Выбрать главу

Хорошее диковинное слово, сладкое слово… бутылка, отлитая в виде плетеной баклажки из травяных стеблей. Терпкий запах этого самого кюммеля, разлитый в воздухе — хозяин осторожно переливал из бутылки в ополоснутую под краном фляжку. Чувствовалась в этом запахе какая-то особая обреченность.

Ноздри Бобби-Синкопы готовно дрогнули, её распознав.

Главное, — поспешно подумал он, — самое главное сейчас — не представлять того, что он позволит себе после…

Он почти физическим усилием заставил себя не смаковать предвкушения от горячей ванны, и жидкого мыла, и чистого воротника рубашки.

— Стоп, — сказал он вслух. — Стоп, хватит!

Журчание кюммеля за его спиной послушно прервалось. Конечно, толстяк принял этот случайно сорвавшийся возглас на свой счёт.

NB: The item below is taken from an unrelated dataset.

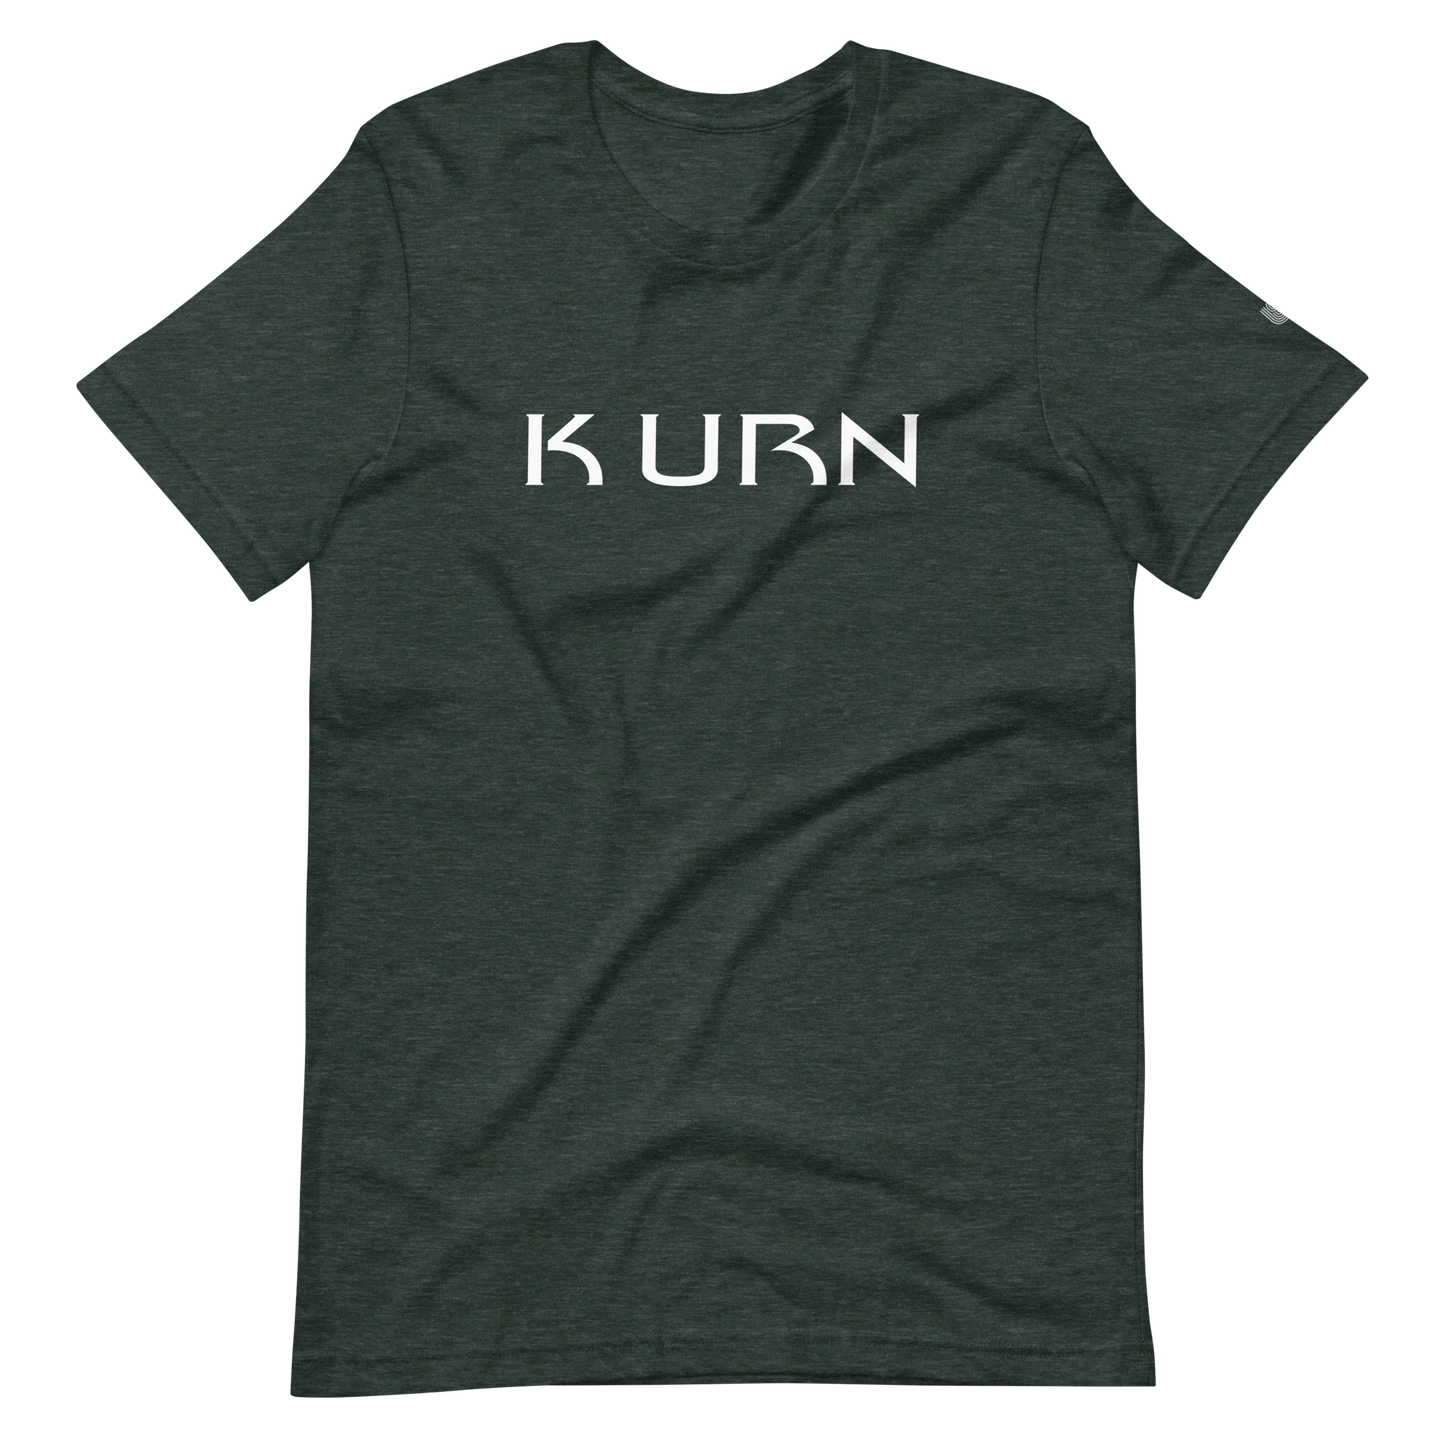 K URN T-Shirt
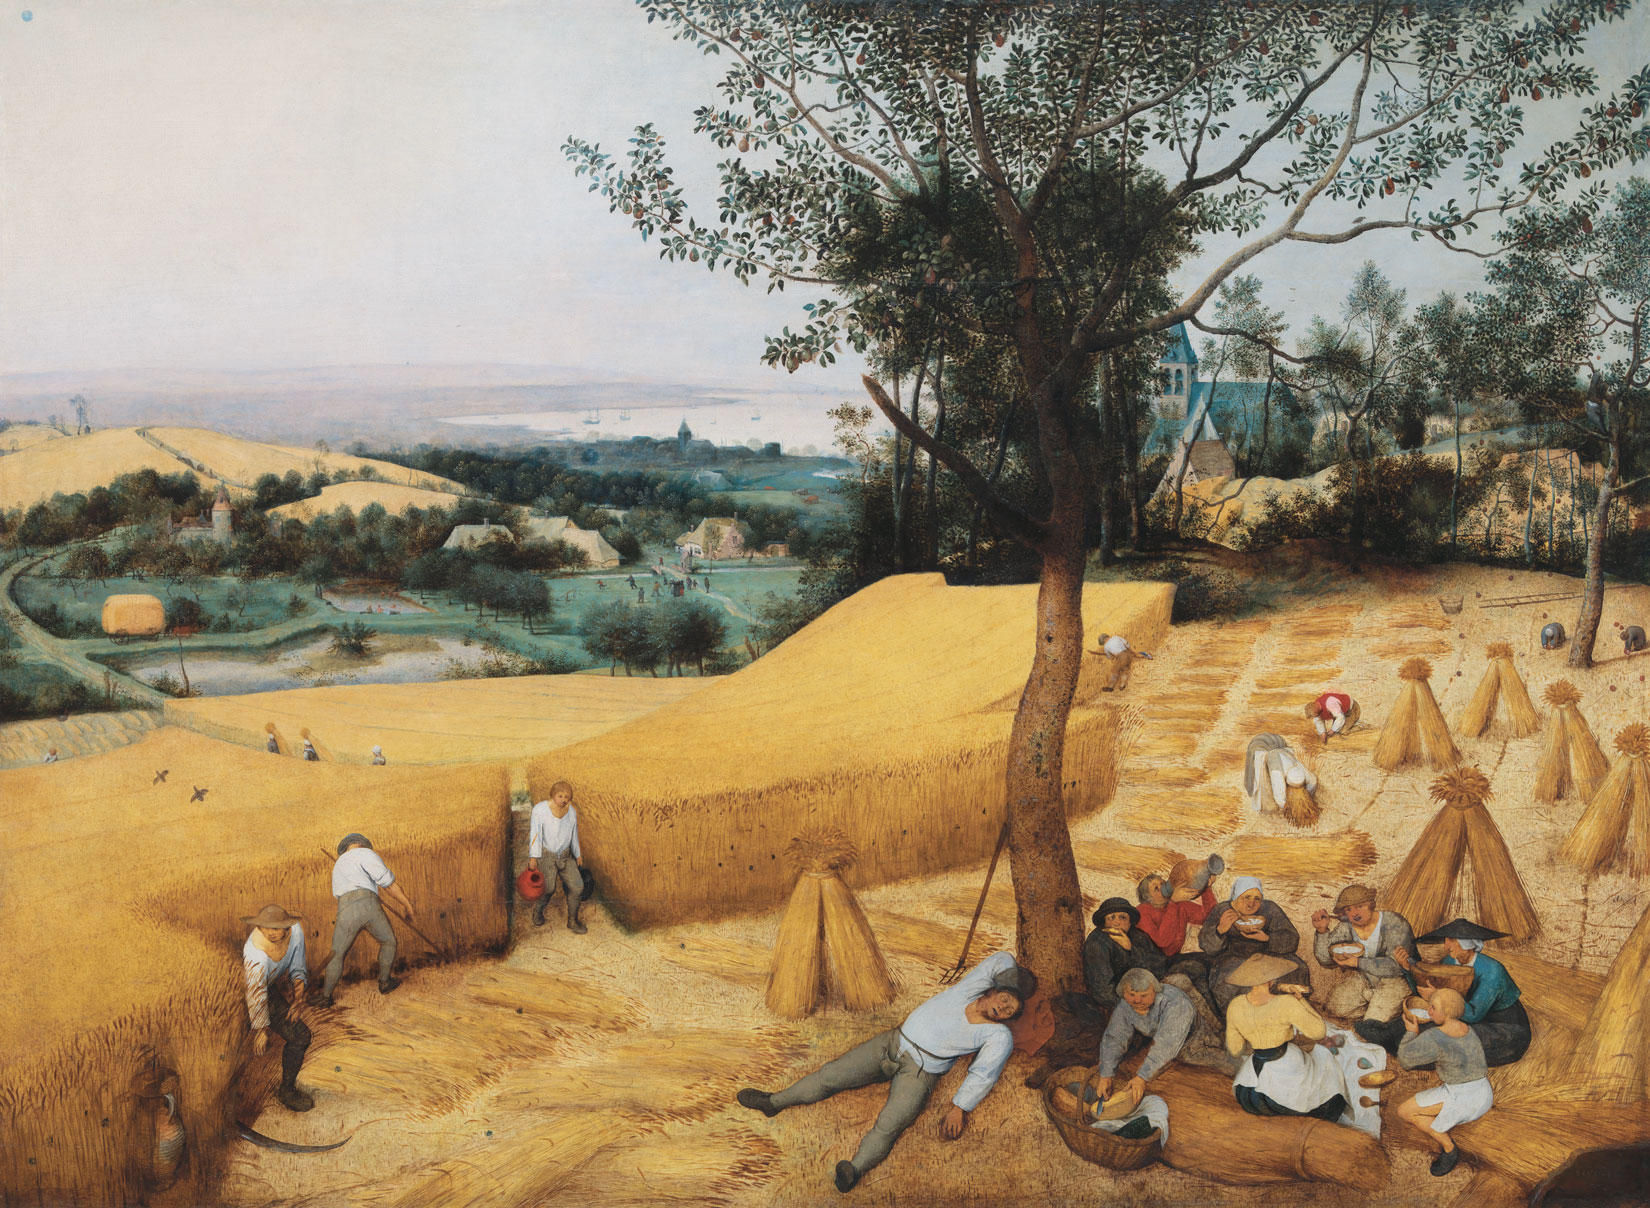 Pieter Bruegel the Elder, The Harvesters, 1565

Ты же опять все испортишь… — стискивая зубы, прошептал Бобби-Синкопа. — Не думать, не думать! Запомни и держи в голове только это — нет на свете никаких ванн! Нет никаких бусов, везущих других пассажиров к их ванным комнатам! Нет ничего этого… и асфальтовые ленты вовсе не завшивели людьми — они пусты.

Никого нет, — обливаясь потом от неимоверного усилия это представить, подумал он. — Я же последний человек в этом опустевшем мире… Даже этот толстяк — всего лишь фантом! Последние крохи энергии древней голографической машины. Кроме него — только терпкий запах кюммеля в воздухе. Кюммель чудом сохранился, ему просто повезло с этим. У кюммеля — запах обреченности. Вот о чем стоит думать!

Обреченность, — сказал он уже совсем про себя…

Обреченность, обреченность…

— Так вы путешествуете? — спросил из-за спины толстяк.

Голос его был таким, словно он ответил на главный вопрос в шоу-викторине. Сейчас раздастся ликующий рев оркестра, и на сцену вынесут миллион.

— Я сразу этого не понял, — извиняющимся голосом продолжал толстяк. Он, конечно, не был голограммой — живее всех живых. — Этот ваш балахон, одежда… Но потом догадался — вы же путешествуете. Скитаетесь налегке, да? Говорят, это модно теперь. Говорят, это всеобщее поветрие такое… — теперь его голос был полон того ревнивого сожаления, что бывает, когда говорят об утраченный возможностях, о собственной незавидной доле, и о тех счастливчиках, что могут себе позволить бродяжничество — это новую забаву богатых… — Вы ведь путешествуете, так ведь?

— Шевелитесь быстрее… — задушенно от вспыхнувшей внутри ярости велел ему Бобби-Синкопа.

— Что? — толстяк, против ожидания, не ускорился совершенно, даже наоборот — замер, и бульканье кюммеля, льющегося во фляжку, прекратилось уже окончательно.

— Быстрее же… — у Бобби сорвался голос, и он закашлялся, с усилием проталкивая в горло следующую фразу. — Переливайте быстрее, черт возьми… Я тороплюсь…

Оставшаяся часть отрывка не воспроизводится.